Google Cloud Platform (GCP) can run Python scripts. In general, GCP provides the same functionality and performance as Google Cloud Platform Standard Edition (GCP Standard Edition), with additional features for larger organizations.
You can find more information on the GCP Python runtime on the GCP Python runtime documentation page.
In this article, we’ll show you how to set up and run a simple Python script on GCP. We’ll also discuss some common issues and solutions.
Setup
To get started, you’ll first need a Google Cloud Platform account and set up your GCP account. You can sign up for a free account at g.
co/2FzNcxH.
Once you have your GCP account set up, you can create a project. A project is a logical grouping of resources that you can use to manage your code and data.
To create a project, open the GCP Console and click the Create Project button.
Next, name your project and select a region. You can also choose a platform: Google Cloud Platform (GCP) or Google Cloud Platform Standard Edition (GCP Standard Edition).
To get started with your project, you’ll need the Google Cloud Platform SDK for Python. You can install the SDK by clicking the Install button in the GCP Console.
Once you have the SDK installed, you can initialize it by running the gcloud init command. This command initializes your project and sets up your GCP account.
Run a Python Script on GCP
Now that you have your project set up, you can start running your Python script. To run your script, you’ll first need to create a file called myscript.
py in your project’s root directory.
In myscript.py, you’ll need to import the Google Cloud Platform libraries. You can do this by adding the following import statement to the top of the file:
from google.cloud.
python.gcp import *.
Next, you’ll need to create a Cloud Storage bucket to store your script files. To do this, you can use the following code block to create a bucket called myscriptbucket:
bucket = gcp.storage.bucket( ‘ myscriptbucket ‘ )
You can then use the Cloud Storage library to save your script files to the myscriptbucket bucket. To do this, you can use the following code block to save the file myscript.py to the myscriptbucket bucket:
bucket.put( ‘ myscript.py ‘ , ‘ /myscriptbucket ‘ )
Note: The path to the file must include the bucket name, the file extension (.py), and the file path.
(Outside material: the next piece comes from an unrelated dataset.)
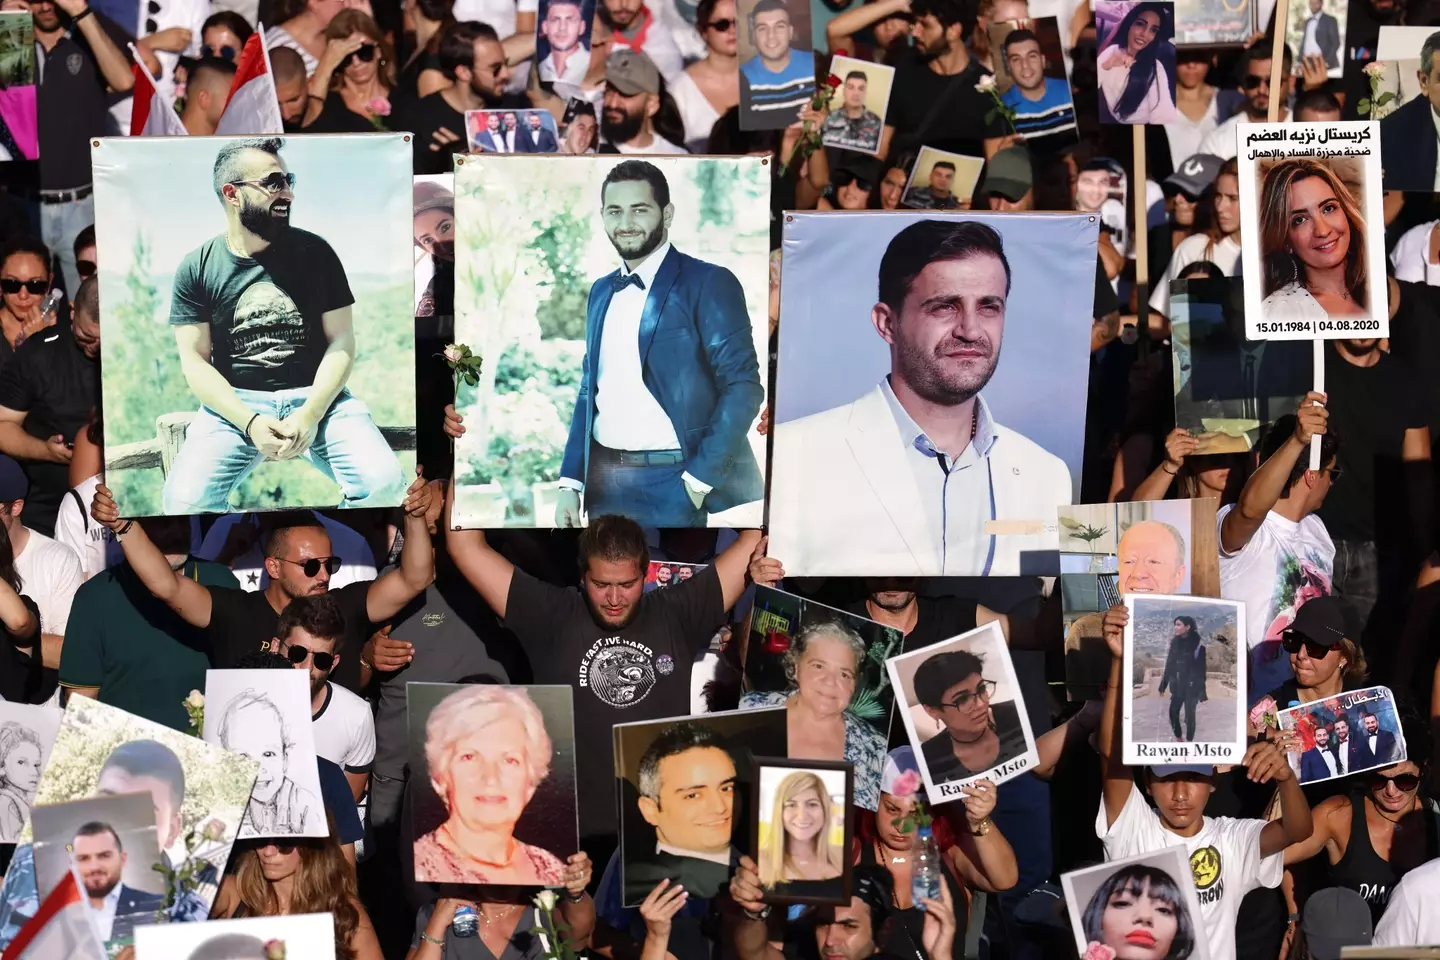 People hold up images of those killed in the explosion on its third anniversary. (JOSEPH EID/AFP via Getty Images)

You can also use the Cloud Storage library to get the file size and duration of a file. To do this, you can use the following code block to get the file size of myscript.py in bytes and the file duration in seconds:
size = bucket.size() duration = bucket.size_info()
Finally, you can run your script by using the Python run command. To do this, you can use the following code block to run myscript.py on port 8000 in the myscriptbucket bucket:
run( ‘ myscript.py ‘ , 8000 , ‘ myscriptbucket ‘ )
You can also use the Python run command to run your script in a sandbox. To do this, you can use the –sandbox flag.
run( ‘ myscript.py ‘ , 8000 , ‘ myscriptbucket ‘ , ‘ –sandbox ‘ )
You can also use the Python run command to run your script on a remote machine. To do this, you can use the –remote flag.py ‘ , 8000 , ‘ myscriptbucket ‘ , ‘ –remote ‘ )
You can also use the Python run command to run your script in a dev environment. To do this, you can use the –dev flag.py ‘ , 8000 , ‘ myscriptbucket ‘ , ‘ –dev ‘ )
Finally, you can use the Python run command to run your script in a prod environment. To do this, you can use the –prod flag.py ‘ , 8000 , ‘ myscriptbucket ‘ , ‘ –prod ‘ )
Conclusion
In this article, we showed you how to set up and run a simple Python script on GCP. We also discussed some common issues and solutions.